A 38-year-old widower has won a landmark legal case that grants him the right to have a child with a surrogate using the last remaining fetus created with his late wife.
Ted Jennings and his wife, Fern Marie Choa, spent years trying to conceive and sought fertility treatment, but Choa died suddenly while carrying twins in 2019. Fertility regulator, Human Fertilization and Embryology Authority (HFEA), denied Jennings’ request to be able to use the last fetus Frozen to start a family because Chua did not provide written consent to surrogacy after her death.
But on Wednesday, the High Court’s Family Circuit ruled that Jennings could use the fetus, in what could be the UK’s first posthumous surrogacy case. The court found that the couple had not been given sufficient opportunity to consent to this scenario, in a ruling that would pressure the HFEA to review the consent procedure.
In her ruling, Ms Justice Theiss, Family Division, said: “I am satisfied that, in the circumstances of this case, the Court could conclude from all the evidence available that Ms Chua would have agreed that Mr Jennings was able to use the fetus created by the partner for treatment with A surrogate in the event of her death. This is taken into account in the context in which, in my opinion, she has not been given relevant information and/or sufficient opportunity to discuss it with the clinic.”
The couple, both from Trinidad, met in London and married in 2009. After five years of fertility treatment and two miscarriages after an ectopic pregnancy, they got pregnant in 2018 and were expecting twins. But after 18 weeks into her pregnancy, Choa experienced serious pregnancy complications and died at the age of 40.

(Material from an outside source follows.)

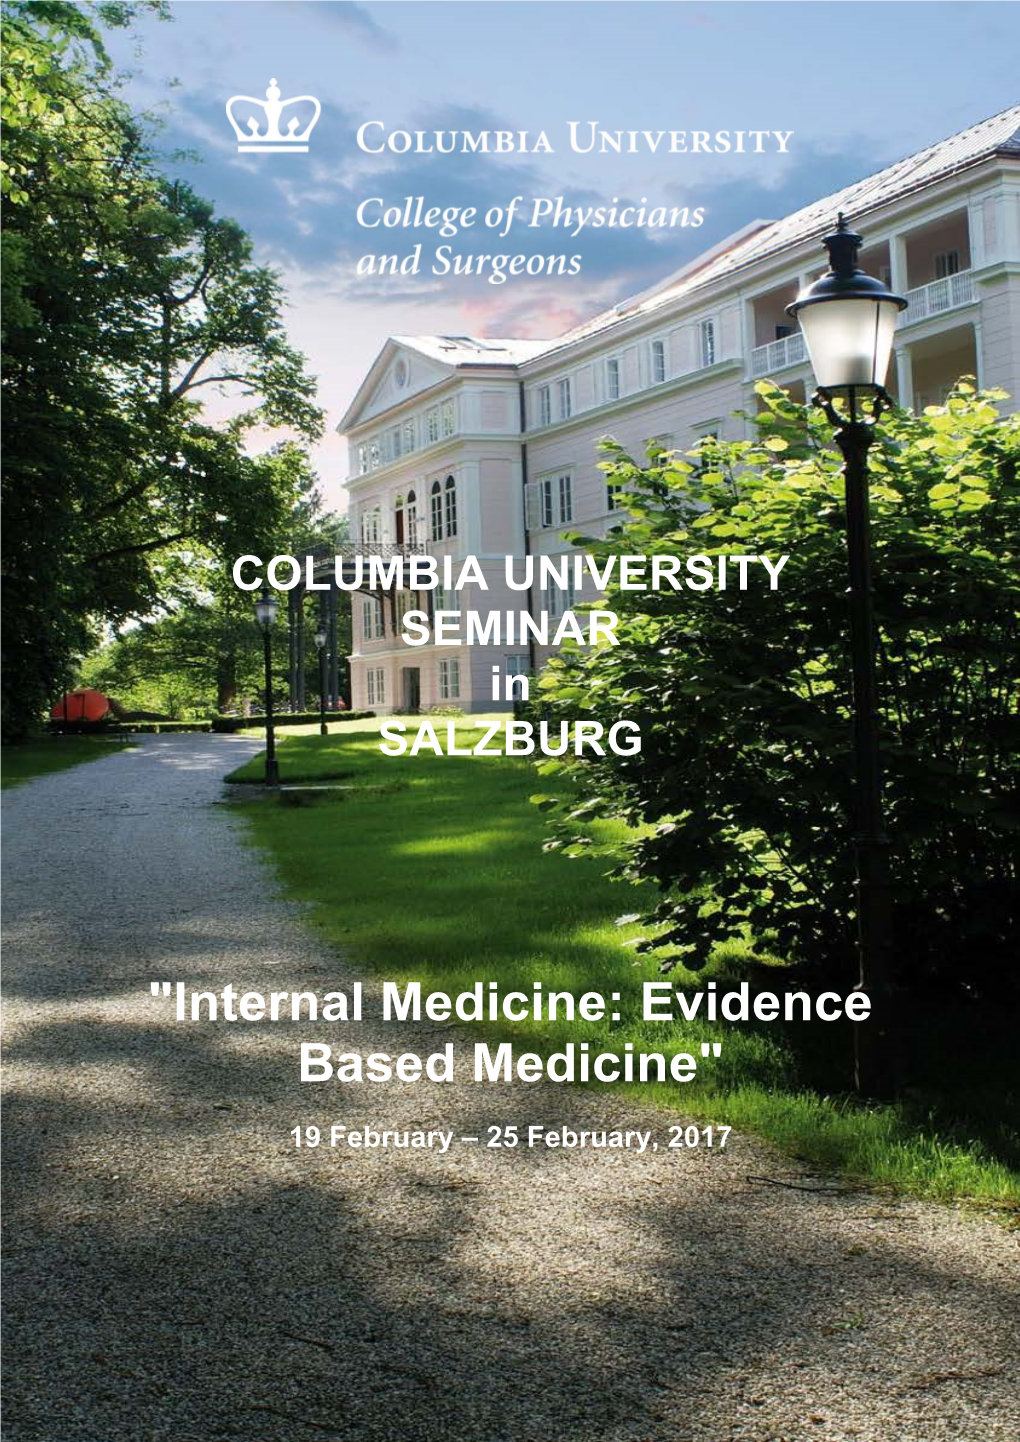 "Internal Medicine: Evidence Based Medicine"

The couple agreed to use the embryos in the event of Jennings’ death, the heart of the court in evidence last month, but Choa was not asked the corresponding question. Instead, her application form stated that she must request more information from the clinic “if you wish to have your eggs or embryos used for someone else’s treatment if she dies.” The court ruled that it was “far from clear” how this relates to posthumous surrogacy, and suggested that the HFEA “may wish to consider whether the form should be revised in order to provide the required clarity and avoid this situation from happening again”.

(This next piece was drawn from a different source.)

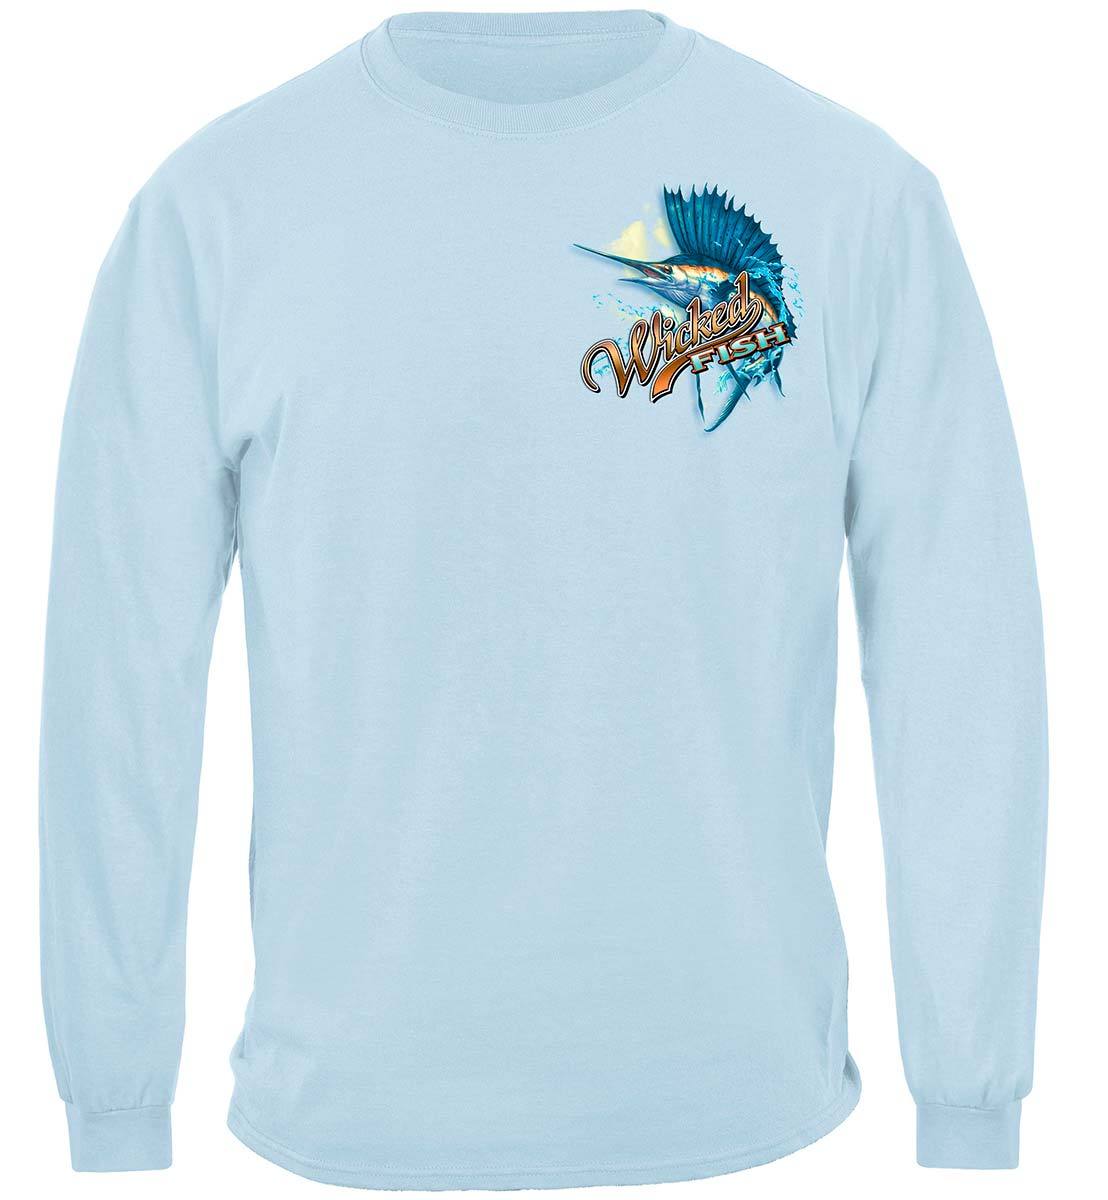 Wicked Fish Marlin Premium T-Shirt - Shop Erazor Bits

James Lawford Davis, Jennings’ attorney and partner at Hill Dickinson, said: “I am delighted that the court found in Ted’s favor and that he can now proceed with surrogacy treatment. It was clear that this was what Verne wanted and this very comprehensive ruling allows her wishes to be respected.”

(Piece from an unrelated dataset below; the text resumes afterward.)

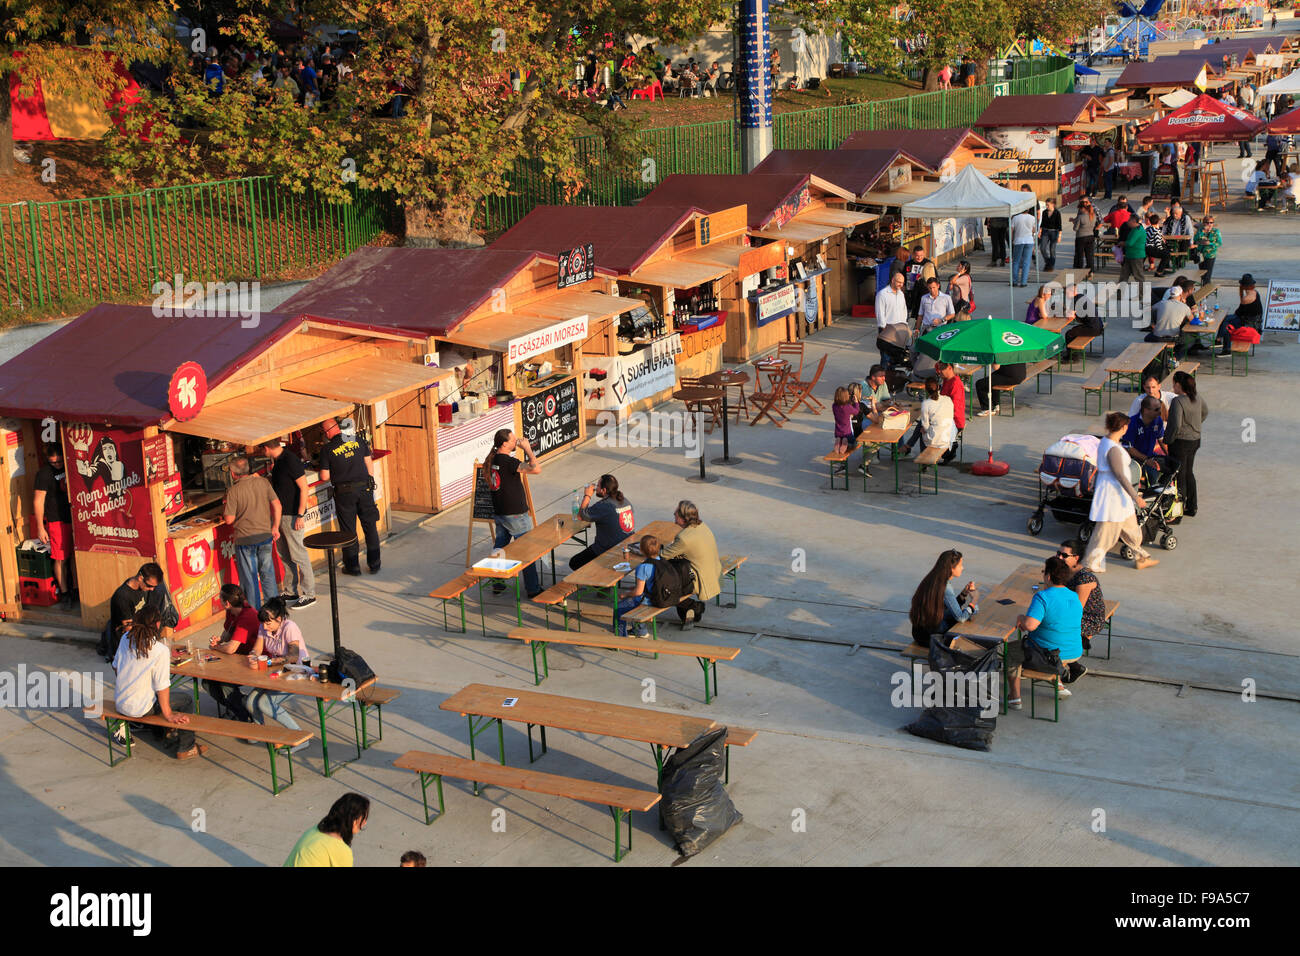 Hungary Budapest Városliget City Park street food stalls people Stock Photo

In a statement, the HFEA said: “This is a tragic case and the HFEA continues to sympathize with Mr Jennings. The Act of Parliament governing fertility and embryology in the UK is clear that signed written consent is always required in such cases. The danger today is that this decision will undermine this position, and reduce of the protection it affords to a person’s express wishes about the use of his embryos after his death. We will consider the judgment carefully before deciding on his appeal.”